After they left, the cottage went quiet, but not empty. Dad turned on the porch light though the sky still held blue. He rinsed the knife. He said, like he was asking if I wanted tea, “Do I need to be worried about a man?”

“Yes,” I said, because it was time to stop insulting him with half-truths.

He nodded like he’d suspected as much. He didn’t ask for a name. He didn’t ask if this man loved me or if I loved him back. He just said, “Then let’s be smart,” and got a second hammer out of the hall closet like that was how love worked in his language.

I showered again because the day felt sticky on my skin. In the back room I stood with my towel clutched and my phone in my hand and typed:

I needed space. I came to my dad’s in St. Augustine. I’m safe. I didn’t tell you because I needed to do one thing without you. I’m sorry. I’m not running from you. I’m trying to find where I end and you begin.

I didn’t send it. The cursor blinked like a heartbeat and I stared until my eyes watered. Then I backed out of the thread and opened another. Stephen. You okay? Darla says you’re gray. Don’t mess with me, I’ll drive you to the dr myself.

Dots. Then: I’m okay. Promise. Just tired.

You sound wrong , I wrote.

He sent back a thumbs-up I hated on sight. I typed, Call your doctor , and he typed, Yes, ma’am , and I felt like I was holding down a lid on a pot that wanted to boil over.

At dusk, Dad went to drop off a cooler at Grandma’s. I was alone in the cottage with the porch light pooling warm and the radio finally settling on Sam Cooke. I told myself to read. I told myself to breathe.

In and out.

A scrape sounded at the back window.

Not the oak. Not the squirrel. Metal against wood. Then the faintest rattle at the screen, like fingers testing.

Every hair on my arms lifted. I stood without meaning to and was halfway to the kitchen before my brain caught up.

The kitchen had a drawer with a lot of useless things—rubber bands, matchbooks, a screwdriver that refused to grip—and one useful thing: the big chef’s knife Dad sharpened on Saturdays.

I pulled it free and the weight steadied my hands.

The scrape came again. A whisper of fabric. A murmur.

Not one voice. Two.

“Hey!” I yelled before fear could steal my voice. “Get off my porch.”

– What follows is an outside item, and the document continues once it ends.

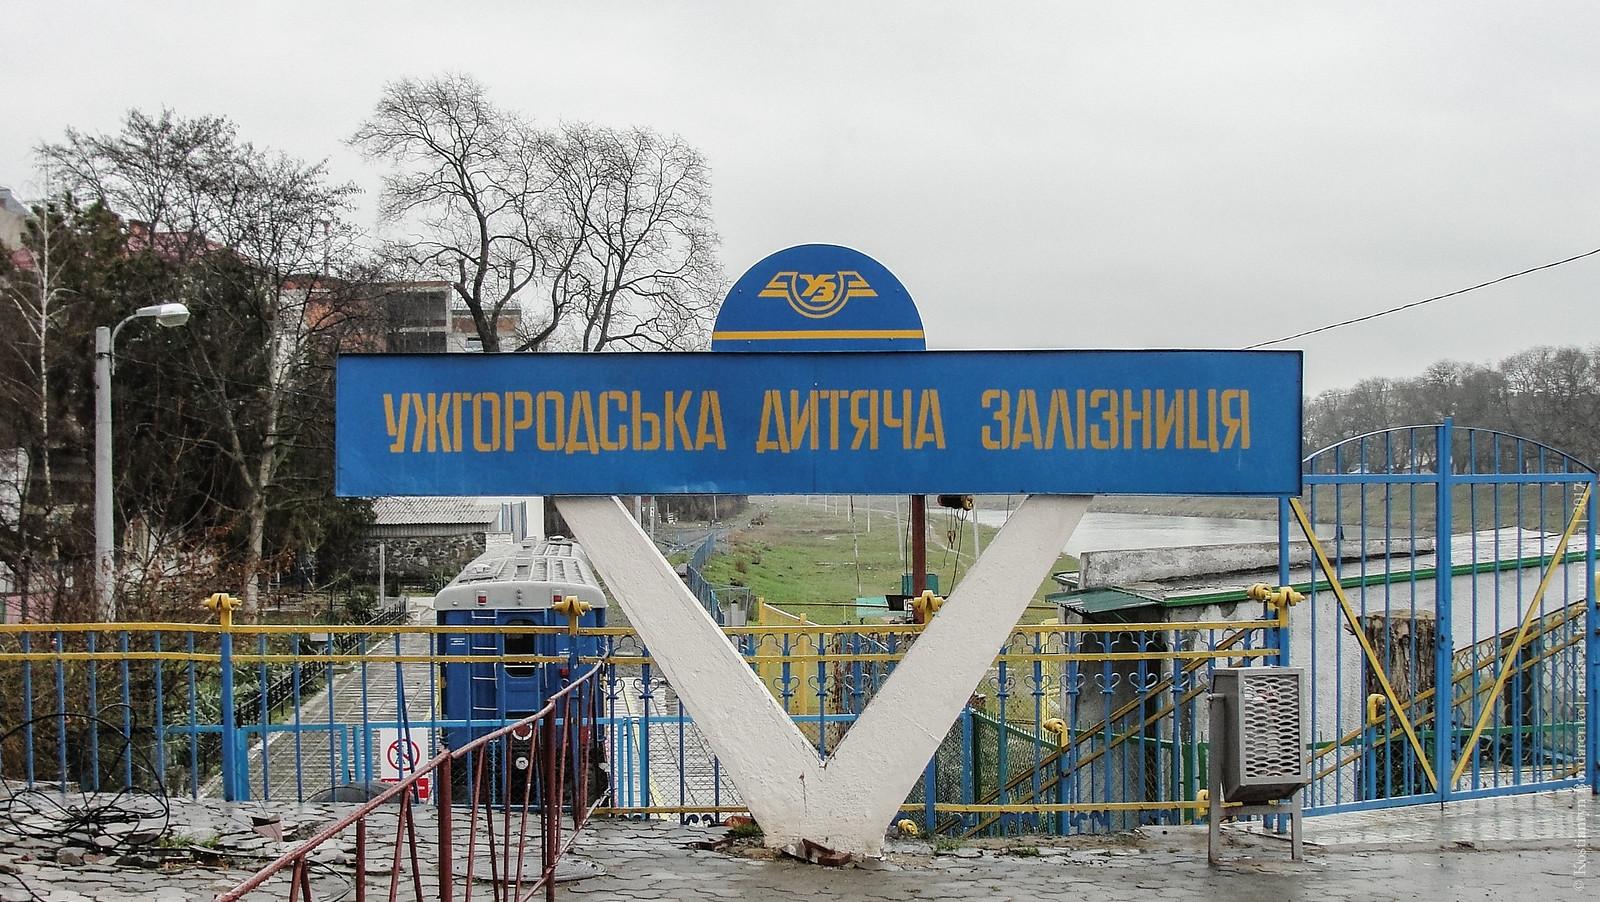 20170318 - Uzhgorod-12

Silence. Then the ghost of a laugh that wasn’t amused at all.

I backed into the hall with the knife held stupidly at my side and my phone already dialing 9-1-1.

The operator answered in a calm that made me love her.

I gave the address. I said, “Someone’s at the back window.

” She said, “Units on the way. Stay on the line.” I said, “Okay,” and didn’t feel the word land.

Footsteps sounded on the side path—too soft for Dad’s boots, wrong cadence. The knob on the back door twisted once, slow, like a joke.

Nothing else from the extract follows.